👶 ABSOLUTE BEGINNER FRIENDLY

📦 Python Data Structures

Learn how to organize and store data! Lists, Tuples, Sets, and Dictionaries - explained with real-life examples.

The 4 Data Structures You MUST Know

👶 Explain Like I'm 5

Imagine you have different types of containers at home:

  • Drawer (List): Store things in order, can add/remove anytime
  • Display Case (Tuple): Things are locked in, can't change
  • Bag of Unique Marbles (Set): No duplicates allowed!
  • Address Book (Dictionary): Look up by name to find number
Type Symbol Ordered? Changeable? Duplicates? Example
List [ ] ✅ Yes ✅ Yes ✅ Yes [1, 2, 2, "a"]
Tuple ( ) ✅ Yes ❌ No ✅ Yes (1, 2, 2, "a")
Set { } ❌ No ✅ Yes ❌ No {1, 2, "a"}
Dict {k:v} ✅ Yes* ✅ Yes ❌ No keys {"name": "Ali"}

Chapter 1: Lists - The Flexible Container

👶 What is a List?

A list is like a shopping list - you can add items, remove items, and change them anytime!

Items stay in the order you put them.
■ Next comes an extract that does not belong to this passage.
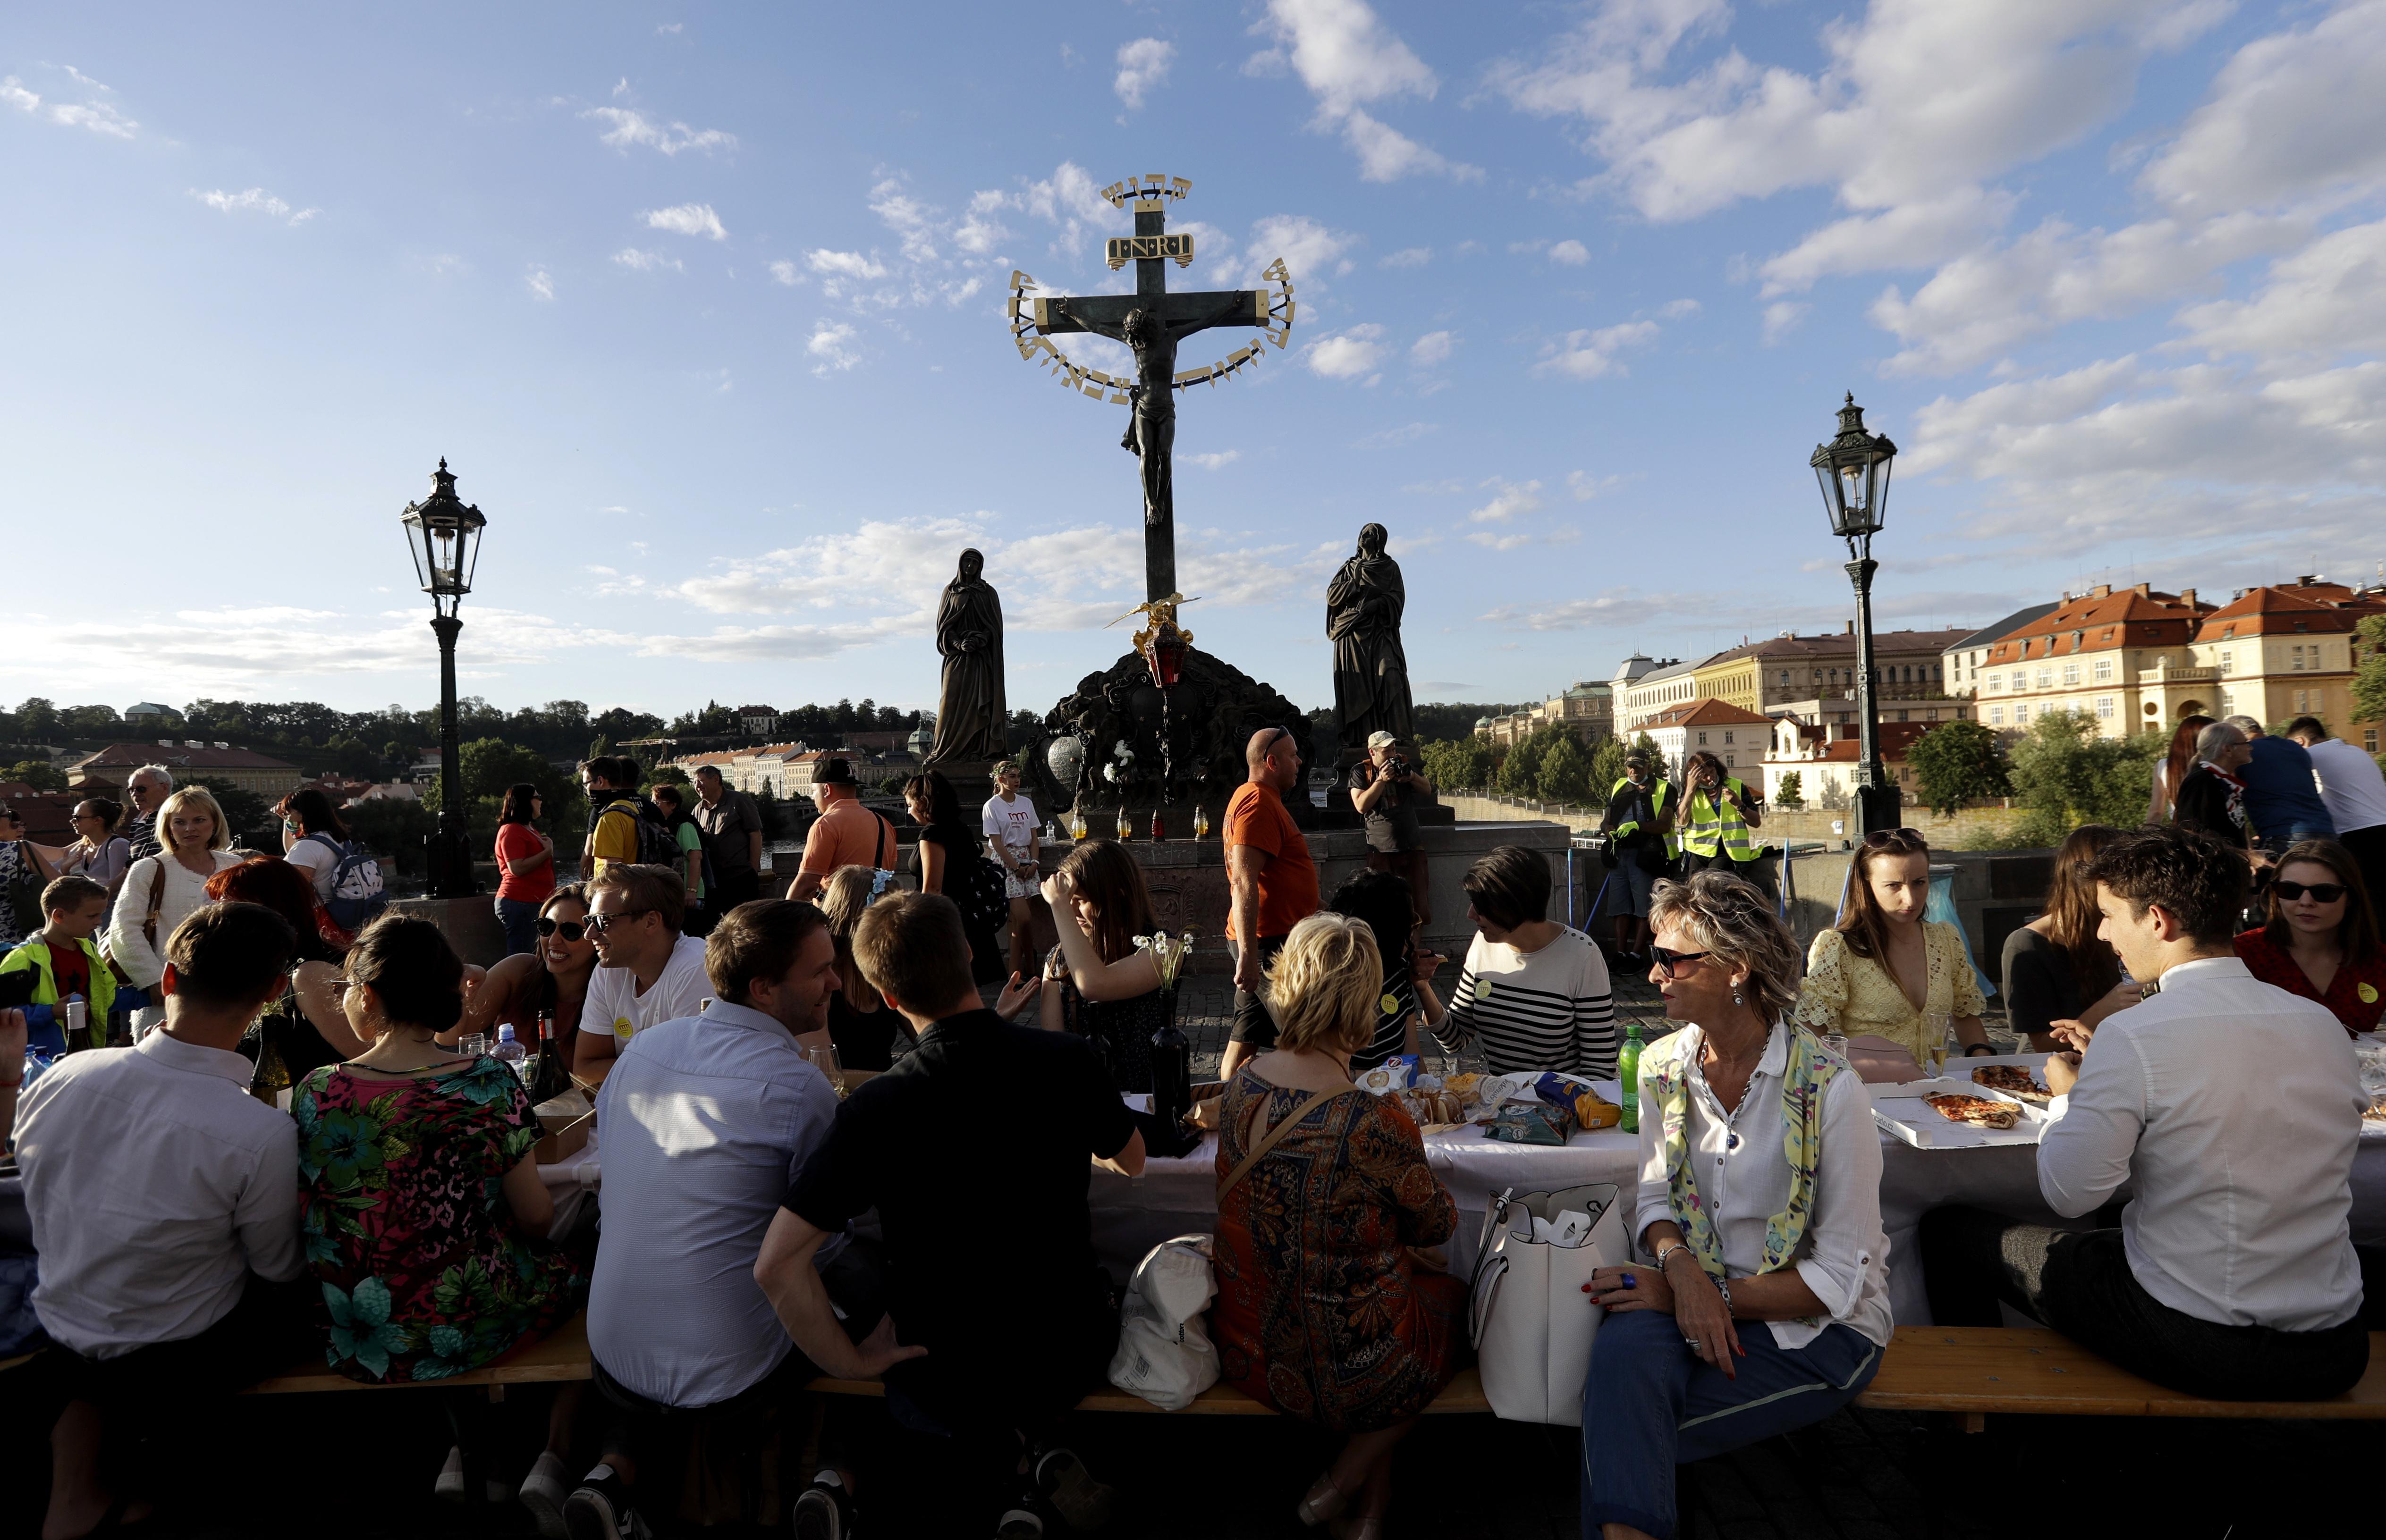 Os residentes sentam-se para jantar em uma mesa de 500 metros de comprimento colocada na ponte medieval Charles Bridge, depois que as restrições foram atenuadas após a pandemia de coronavírus em Praga, República Tcheca, terça-feira, 30 de junho de 2020.

You can have the same item twice!

# Creating a list - use square brackets []
fruits = ["apple", "banana", "cherry"]
numbers = [1, 2, 3, 4, 5]
mixed = [1, "hello", 3.14, True]  # Can mix different types!

print(fruits)
# Output: ['apple', 'banana', 'cherry']

Accessing Items (Indexing)

📊 List Index Positions

fruits = ["apple", "banana", "cherry", "date"]

Index:       0         1         2        3
          +-------+--------+--------+------+
          | apple | banana | cherry | date |
          +-------+--------+--------+------+
Negative:   -4        -3       -2      -1
fruits = ["apple", "banana", "cherry", "date"]

# Access by index
print(fruits[0])       # Output: apple (first item)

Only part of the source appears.